# Finally my new machine arrived today! sage db



## hilltopbrews (May 17, 2013)

I finally got my sage dual boiler today! Now waiting for my eureka mignon.

Looks like my gaggia and mc2 will be up for sale in the next month...

Note. Tried my gaggia bottomless portafilter with the sage db and it seems to fit. Will try to extract coffee with it.


----------



## Phil104 (Apr 15, 2014)

Hope you were pleased with the coffee out of your new machine. When I've changed kit, I have usually needed to adjust my process to take account of the differences.


----------



## hilltopbrews (May 17, 2013)

Phil104 said:


> Hope you were pleased with the coffee out of your new machine. When I've changed kit, I have usually needed to adjust my process to take account of the differences.

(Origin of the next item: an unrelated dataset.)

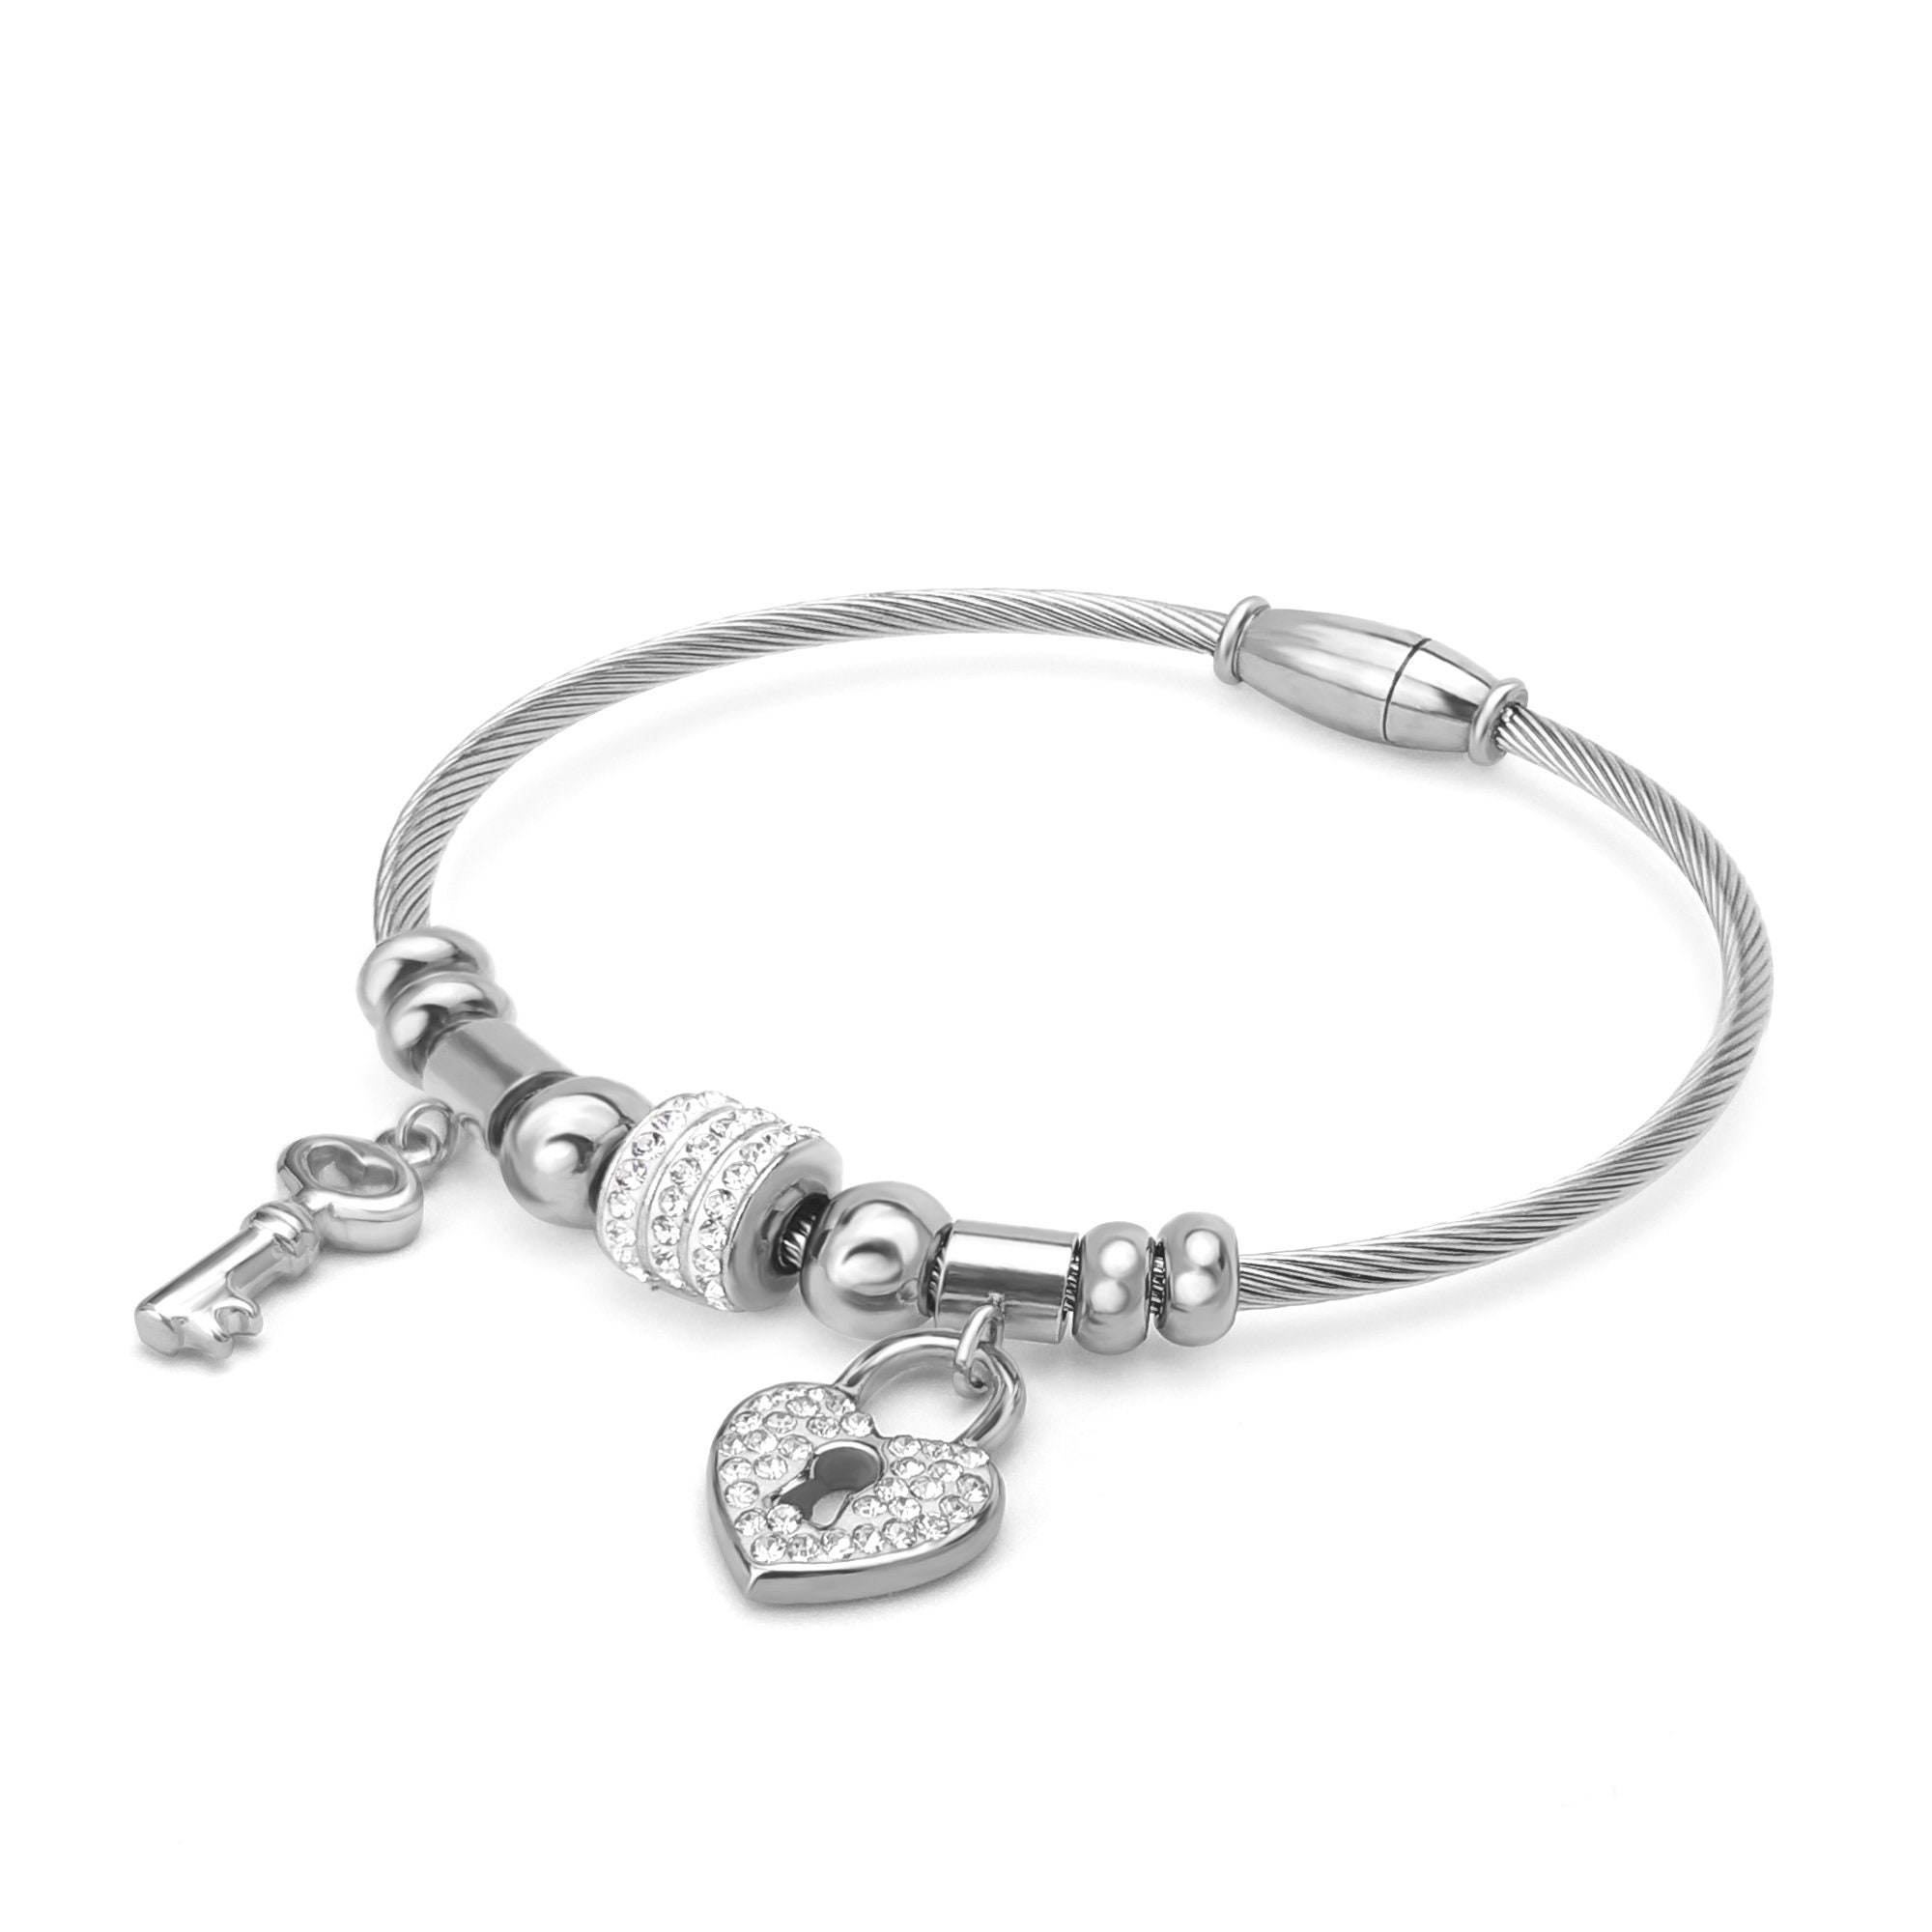 Heart Lock With Key Charm Bracelet Gift for Her Key to My - Etsy UK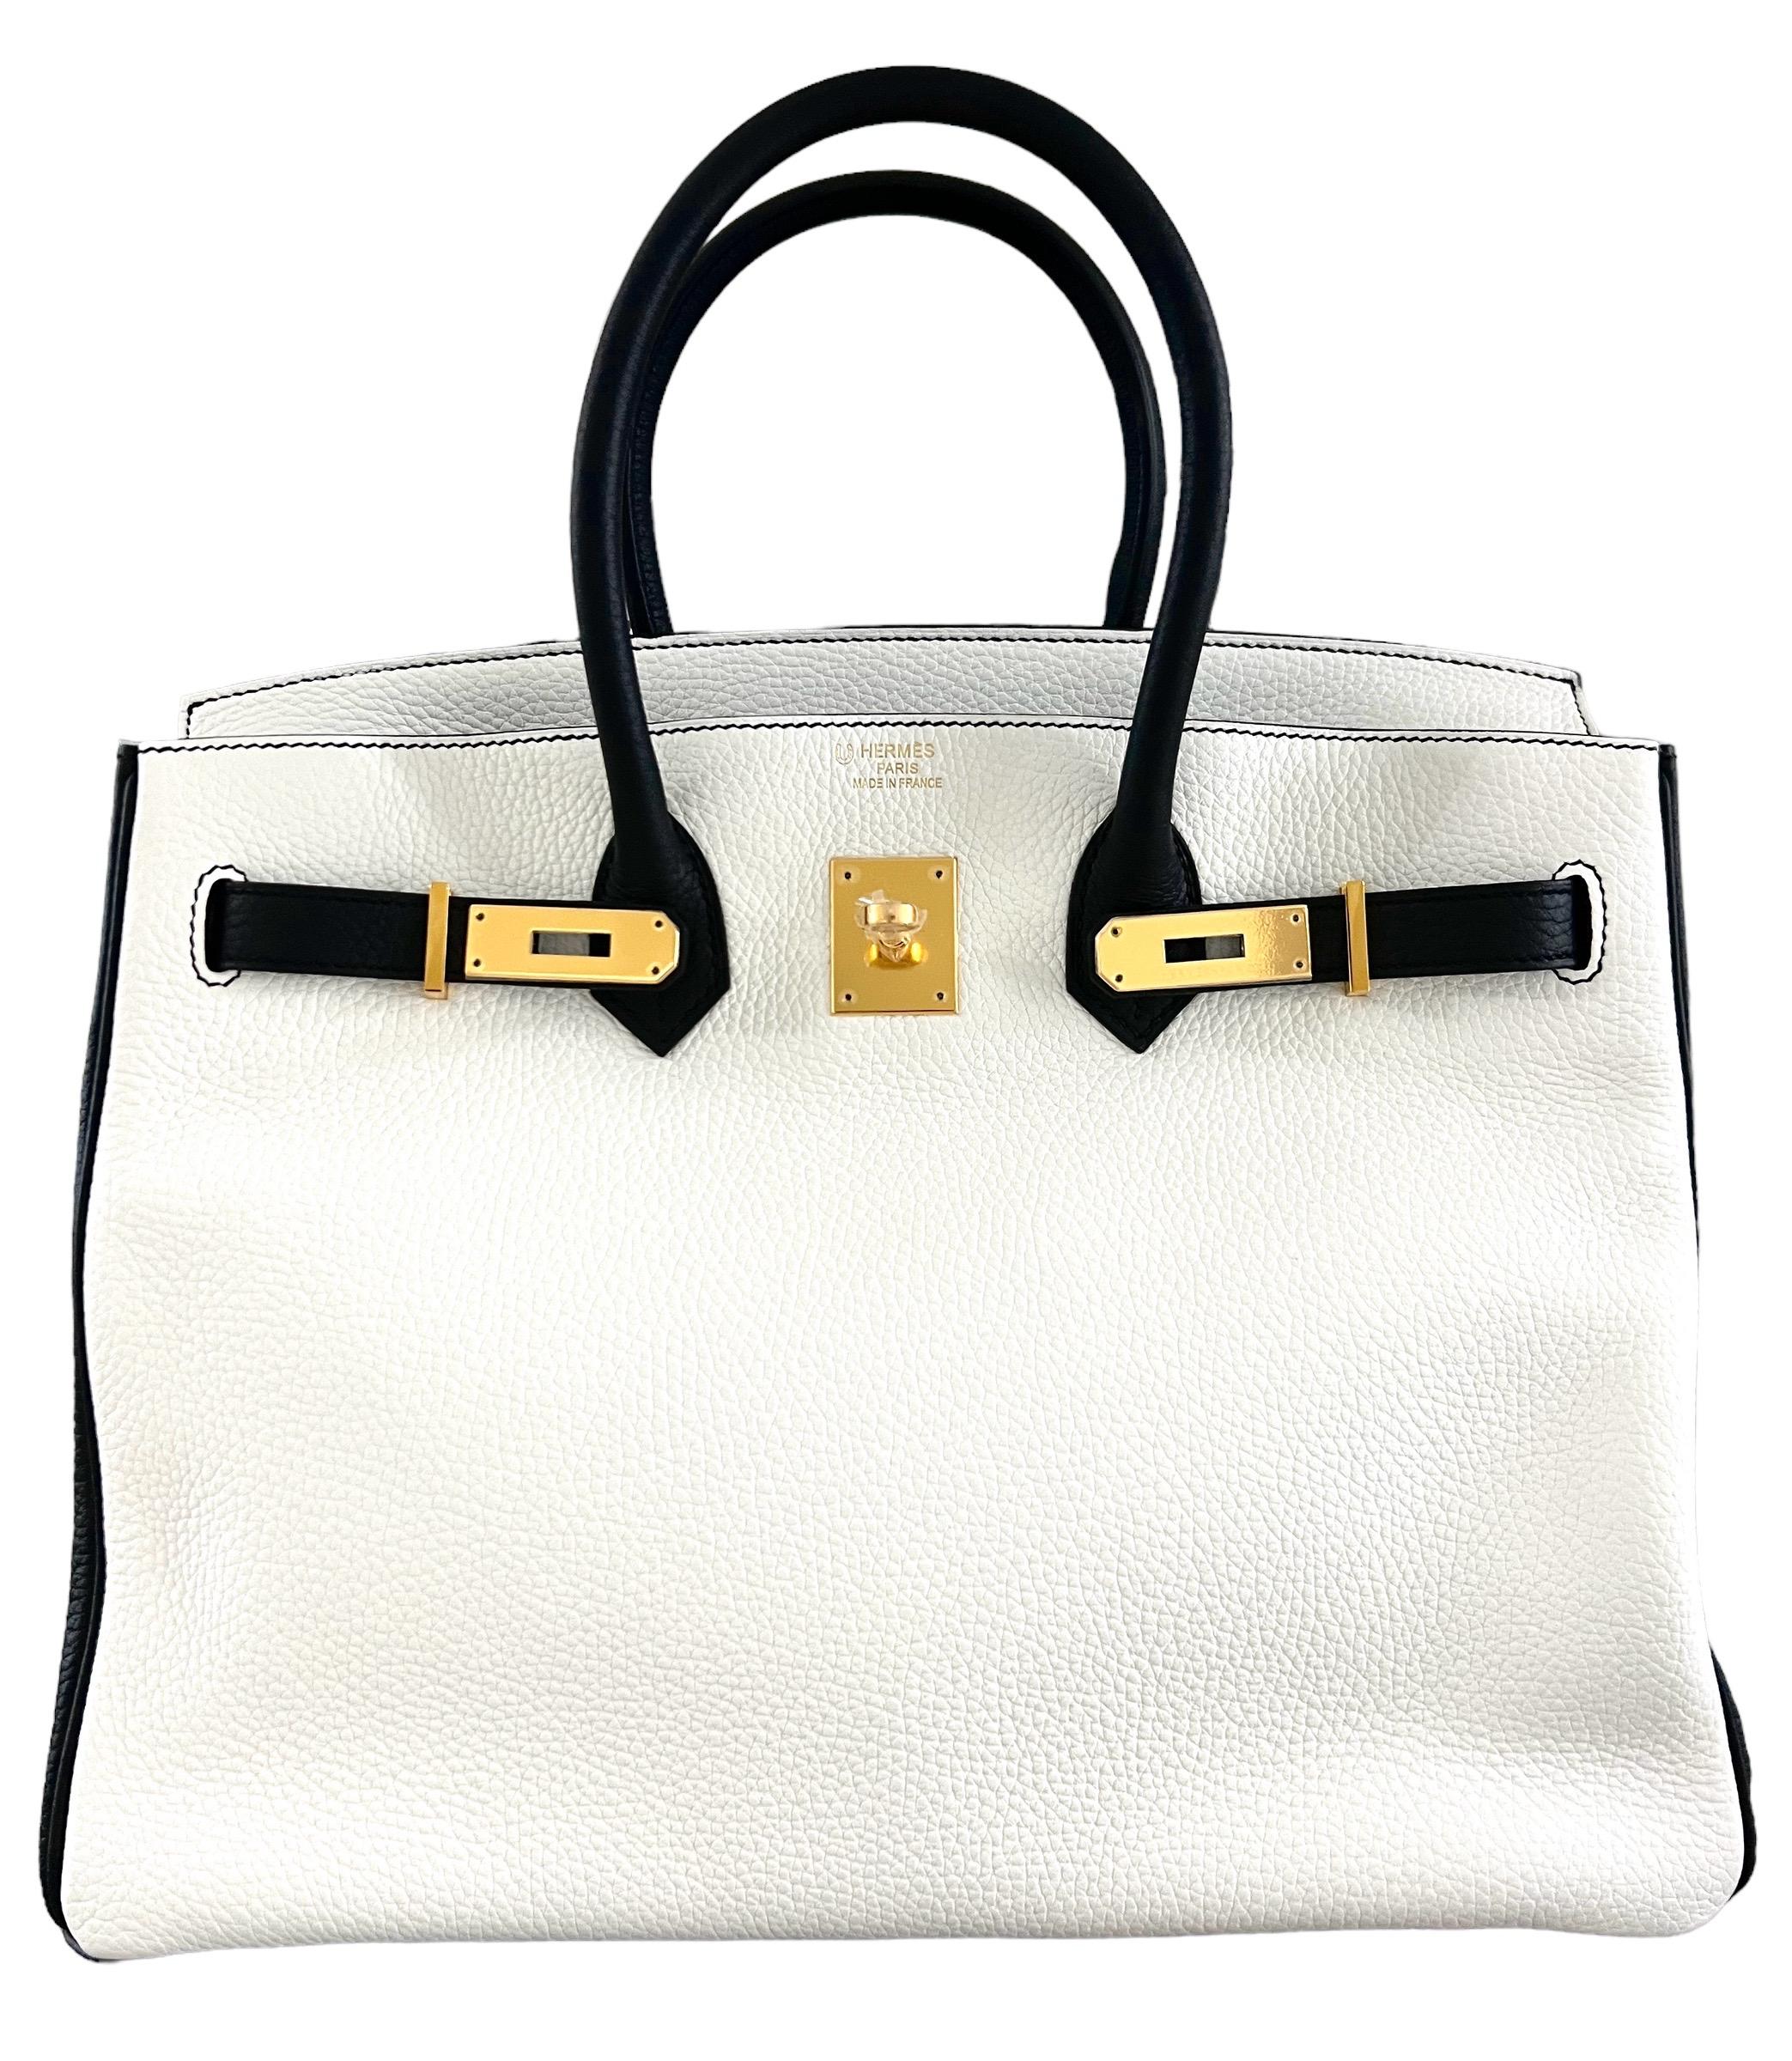 Hermes Birkin 35 Special Order PANDA ONE OF A KIND Togo Leather Gold Hardware In Excellent Condition For Sale In Miami, FL

I am actually in the middle of getting to know the machine. Playing around with dose and grind. I'm also getting used to not using the bottomless filter although my gaggia bottomless portafilter fits sage db.

I'm using my hario grinder while I wait for my mignon.

I will like it once I finally figure it out!


----------



## hilltopbrews (May 17, 2013)

Phil104 said:


> Hope you were pleased with the coffee out of your new machine. When I've changed kit, I have usually needed to adjust my process to take account of the differences.


What is your usual dry input? I've been weighing 18g in. Not quite hitting 27g output in 30secs.


----------



## Phil104 (Apr 15, 2014)

Sarah0817 said:


> What is your usual dry input? I've been weighing 18g in. Not quite hitting 27g output in 30secs.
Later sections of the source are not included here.